Furthermore, our data also showed that HPV16 E6 expression was associated with mEGFR overexpression. Increased EGFR mRNA and protein levels have been reported in cervical cancer specimens, compared with normal cervical epithelium.6, 37 Immortalization of normal keratinocyte cell lines by transfection with HPV16 E6 showed upregulation of the EGFR, whereas HPV16 E5 and HPV16 E7 and HPV6 E6 did not influence EGFR expression.23, 38 Correspondingly, transfection of the cervical cancer cell line HeLa with antisense E6/E7 sequences resulted in the downregulation of the EGFR.39 As the E6 protein is known to target p53 for degradation, it has been suggested that HPV16 E6 regulates EGFR expression through p53.23 Indeed, inhibition of p53 was shown to increase EGFR expression in HPV16-immortalized human keratinocytes, supporting this hypothesis.40

To substantiate previous in vitro reports showing that the E5 protein increases EGFR expression by inhibiting the interaction of c-Cbl with the activated EGFR, thus decreasing EGFR degradation,22 we studied E5 expression in our patient cohort. Transgenic mouse models showed that expression of HPV16 E5 induced epithelial tumors and that this function of E5 was dependent on EGFR expression.41 However, although in our study high E5 and E6 mRNA expression were both associated with poor survival, we could not substantiate an association between HPV16 E5 and mEGFR expression. This could result from the fact that HPV16 E5 plays an important role in early carcinogenesis, or from the fact that E5 and E6 expression levels were strongly correlated.

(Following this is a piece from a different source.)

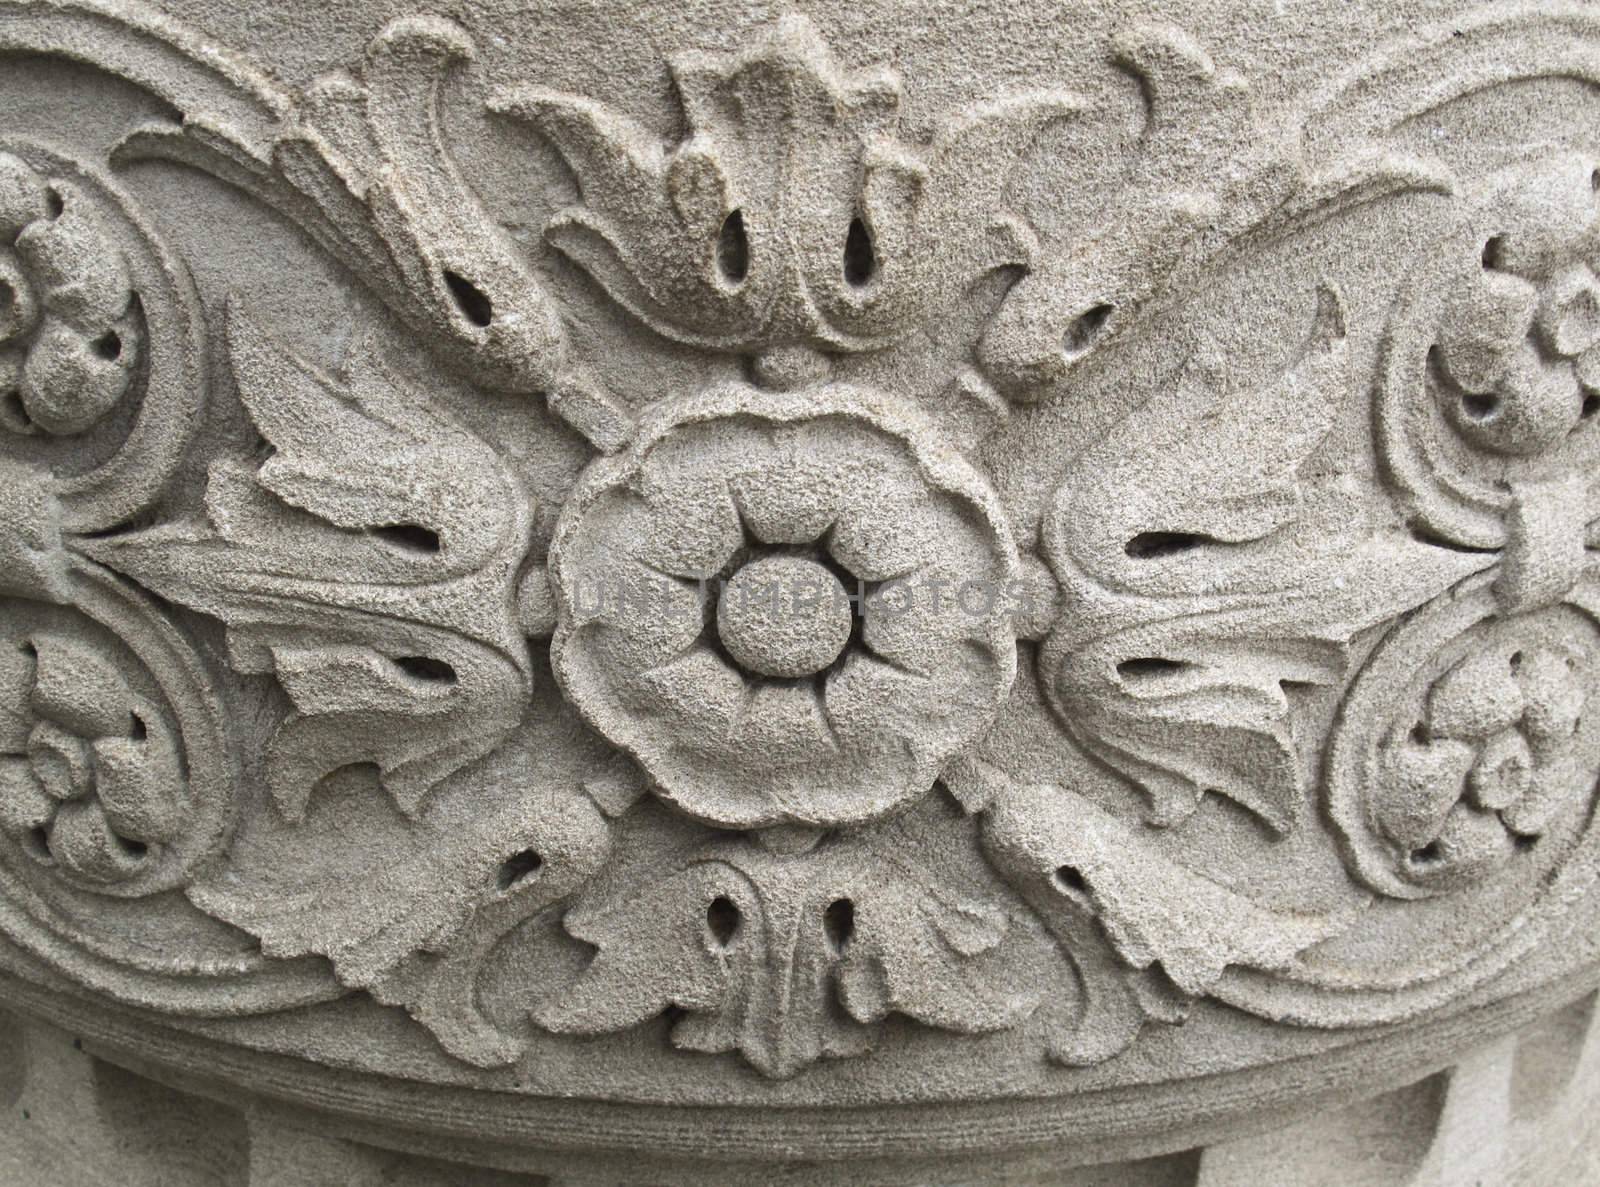 Floral pattern carved into stone by ADavis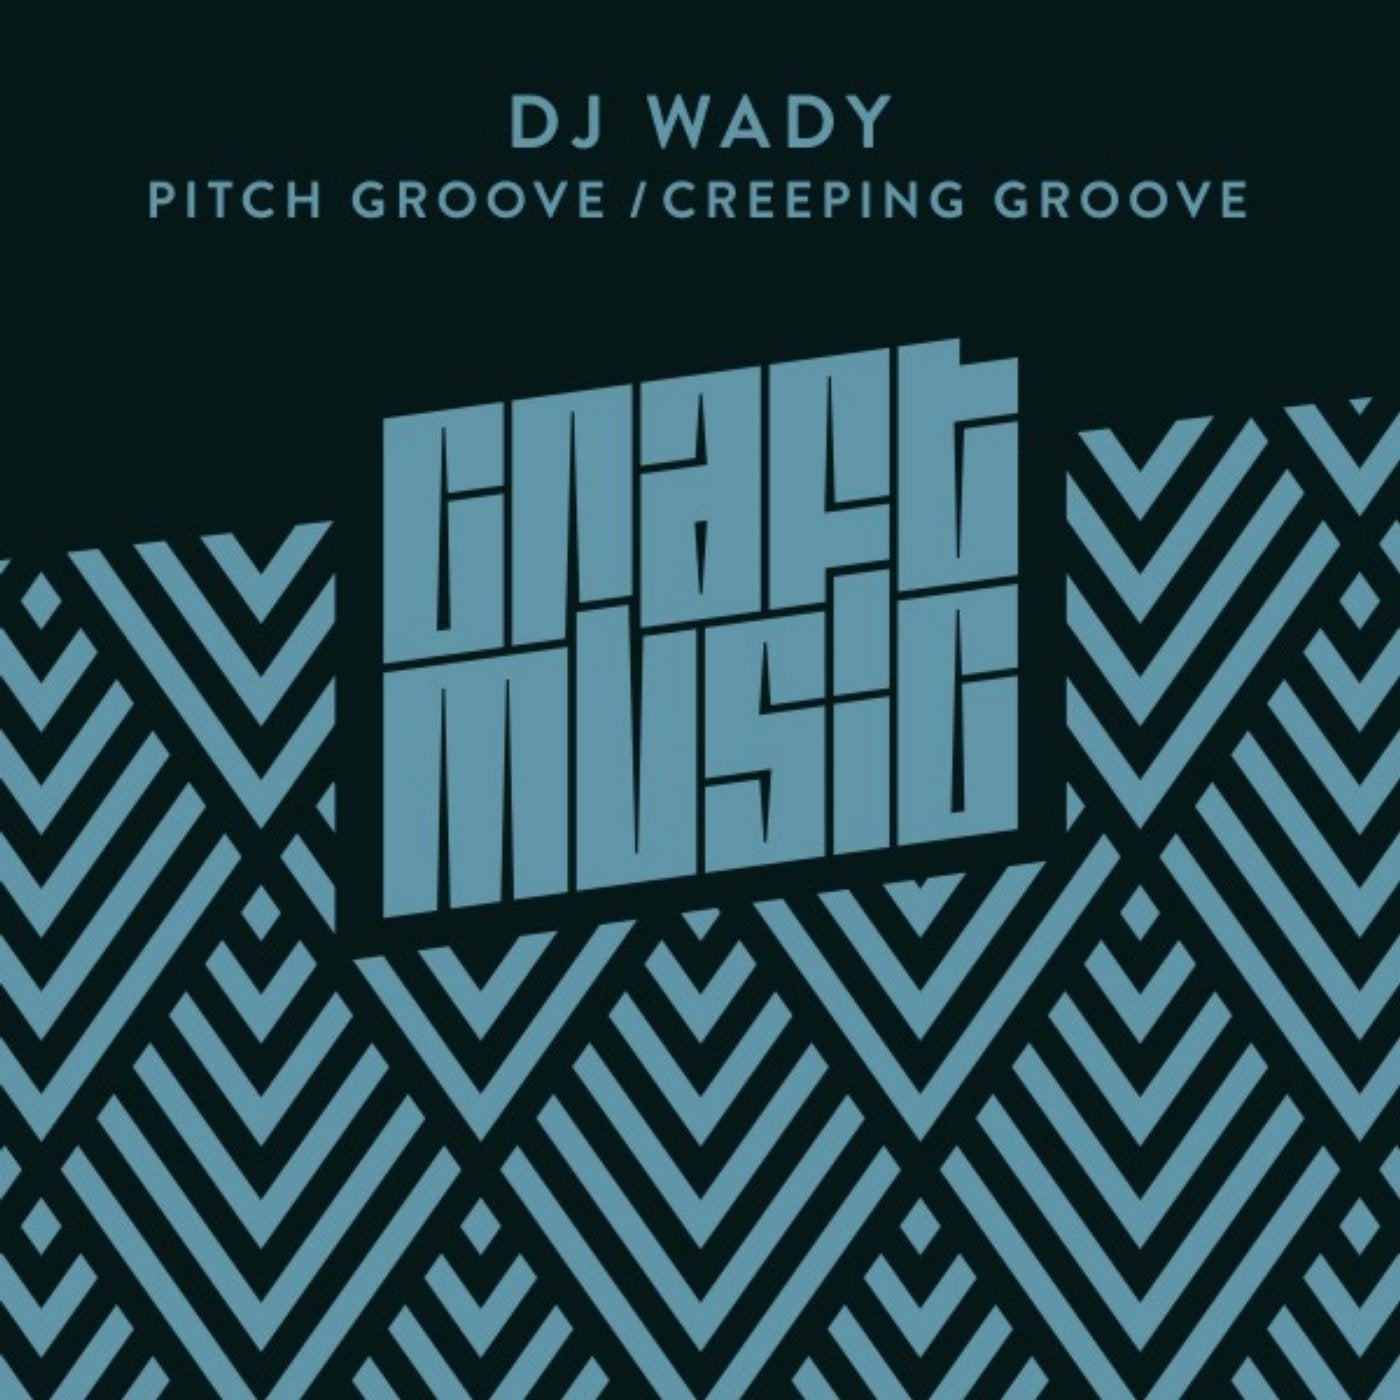 Pitch Groove / Creeping Groove

In conclusion, we present a comprehensive study on the molecular mechanisms of EGFR overexpression in cervical cancer, using state-of-the-art techniques applied on archival, paraffin-embedded material of a large cohort of patients. High mEGFR protein expression as well as high HPV16 E5 and E6 mRNA levels were shown to predict an unfavorable prognosis in cervical cancer. Furthermore, our data showed for the first time that overexpression of mEGFR is influenced by chromosome 7 aneuploidy and HPV16 E6 mRNA expression.